To return to Bill's original plaint about what "uncertainty" feels like:
Nothing mathematical really expresses what something "feels like." What
does "2" feel like, or "plus?" Both are abstractions from a whole mess of
ordinary perceptions of ordinary events and relationships. So it is with
uncertainty. Sometimes we "just know" what's going to happen (though we
may well be wrong when the time comes), and sometimes we "haven't a clue
how it will turn out." These feelings are abstracted into a mathematized
form as "probability" and "uncertainty." And on those symbolic
representations we can operate, with useful (or pointless) results.

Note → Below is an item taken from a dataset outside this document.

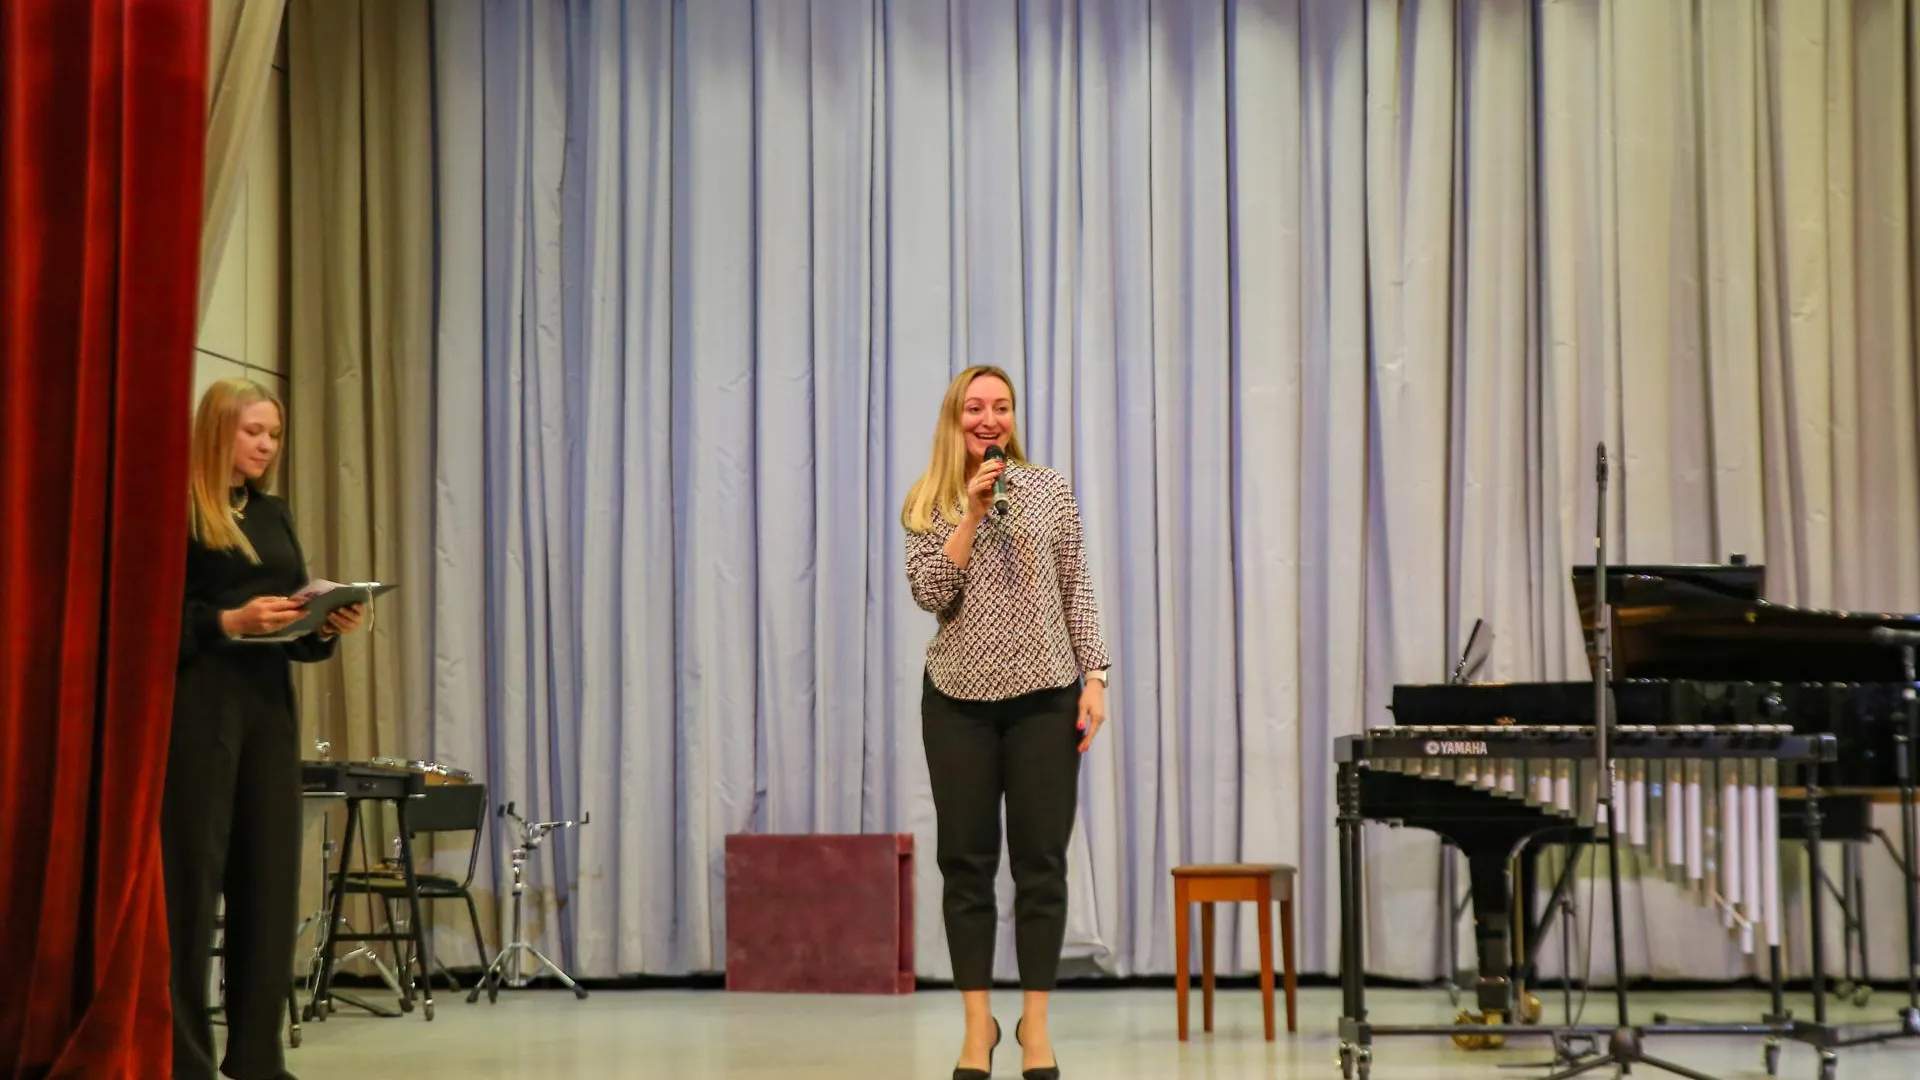 Концерт ударных инструментов прошел в центральной детской школе искусств в Химках

As in any other technical area, terms may be used with precision in ways
that capture only a part of the range of everyday usage. Sometimes we
trip up when we use the everyday sense and are understood to be using the
technical sense, or vice-versa. But as with "Perception" in PCT, there
really isn't a satisfactory alternative to using the everyday terms with
which the technical concepts most closely relate.
I hope there isn't too much gibberish there. I had no intention of making
it so long when I started, or of taking so much time on this issue. But I
think it does matter, so I won't apologize.